Nevertheless, it is not all bad news. I paid $1.649 per gallon of gasoline the other day. I filled the tank even though I suspected the price would drop before I needed to fill again. It did drop – three times. I filled again Friday for $1.499 per gallon. I do not remember whom I told, but I predicted that crude oil would drop to $60 per barrel. I based my estimate upon the valuation of the dollar remaining stable. Since the dollar is increasing in value, the cost of oil seems to be decreasing even below my prediction. I am not a genius; I just know that the value of oil has not changed; only the supply relative to demand has decreased in recent years. I do not know how long gasoline will be this inexpensive, but I am relieved when I spend $27 instead of $72 on a tank full.

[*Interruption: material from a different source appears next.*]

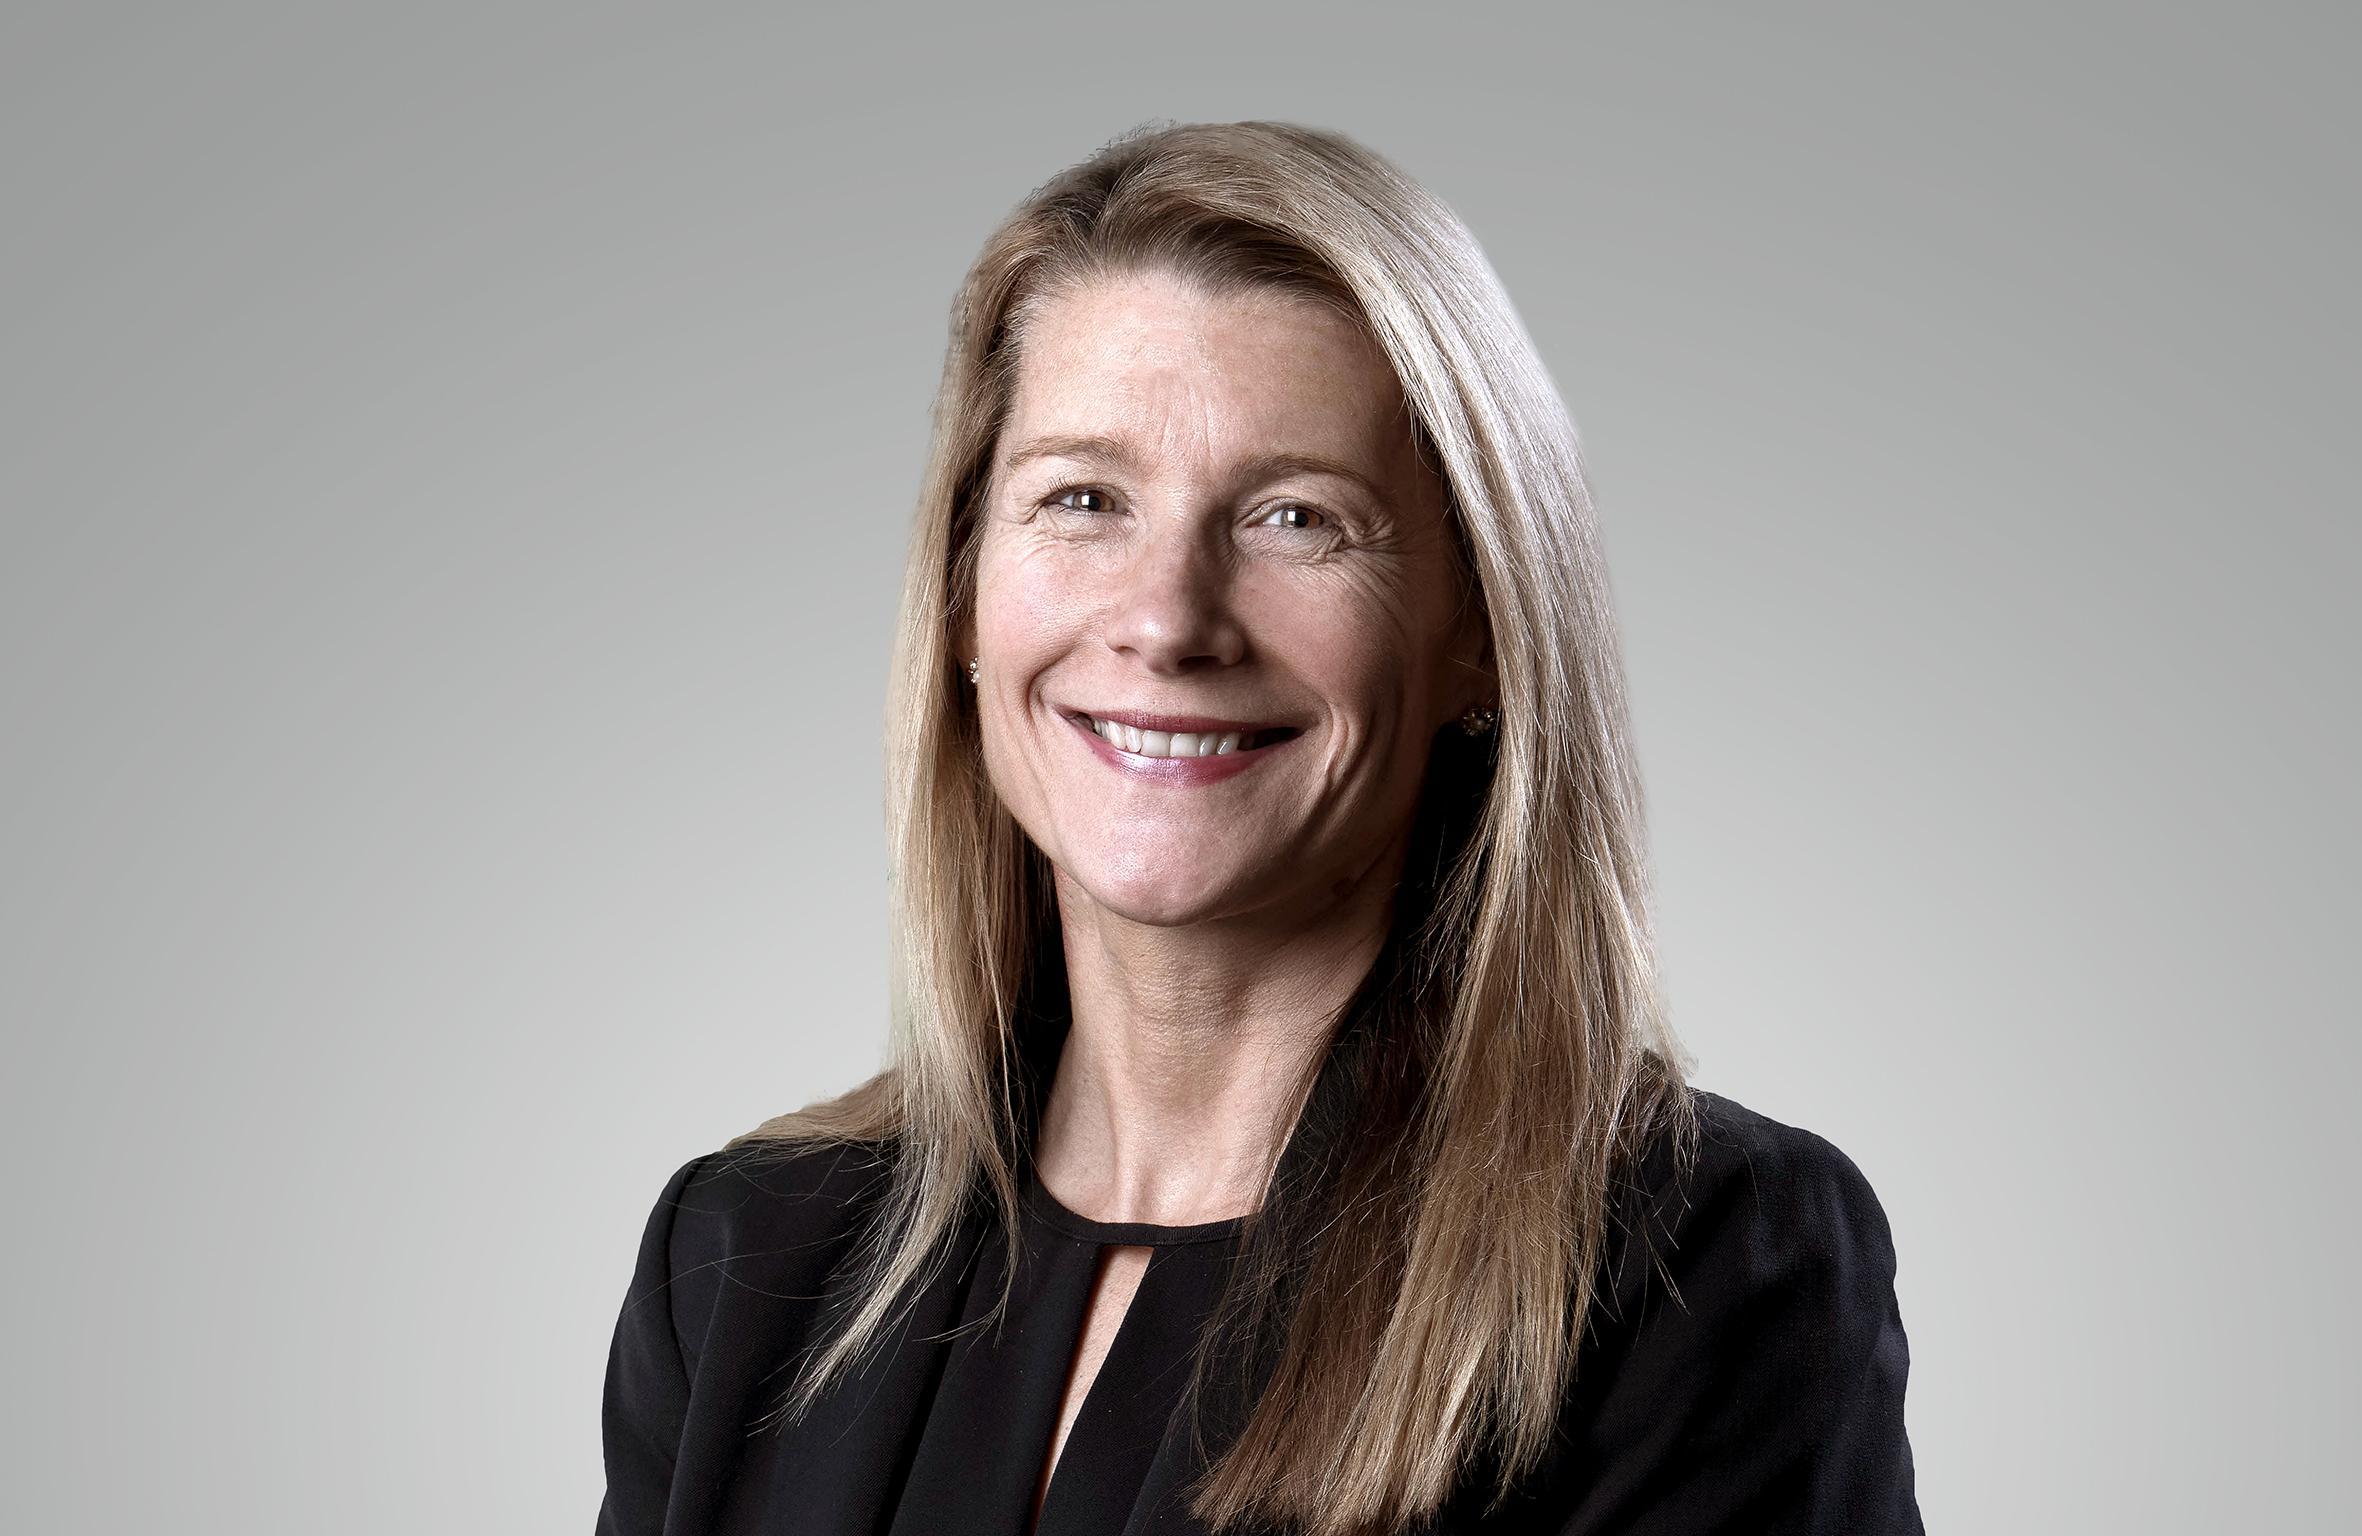 Audrey Ryan manages Kames Capital's Ethical Equity fund. It excludes tobacco, pornography, oil and gas, GM, nuclear power, gambling, environmentally damaging and poor animal welfare stocks

Since the election, politicians’ panic related to the “global economic crisis” appears to be waning even as the market bounces along the floor. Thursday, the Democrat congressional leadership reneged on a promise to bailout Detroit after the CEO’s of the “big three” automakers flew in corporate jets to Washington to beg for their government handout. Apparently, beggars need to observe appropriate decorum. Groveling is still groveling whether the object of interest is twenty-five cents or twenty-five billion dollars.

Likewise, Paulson, so benevolent to bailout his Wall Street cronies, is now suddenly a tightwad. Cash is suddenly king as economists and politicians realize that we cannot beg, borrow, and bail our way back to boomtown.

Speaking of cash, Steve Ballmer must be dancing another jig celebrating Jerry Yang who gave Microsoft freely what Ballmer was willing to pay billions to buy—namely Yahoo’s demise. Why buy a company when they will dry up all by themselves?

Southwest Airlines is attempting to extend its reach to LaGuardia. Southwest recorded its first quarterly loss ever – ironically because of dropping fuel prices and their fuel hedging strategies. Nevertheless, Southwest Airlines remains a healthy company compared to other airlines. Some companies with cash are quietly thriving even as their heavily leveraged competitors spin towards bankruptcy.

If strong companies are surviving or thriving even in the midst of the current economic turmoil, then whatever the root cause, the landscape appears more natural rather than catastrophic. Nevertheless, the victims of their own excesses are screaming, “Crisis!”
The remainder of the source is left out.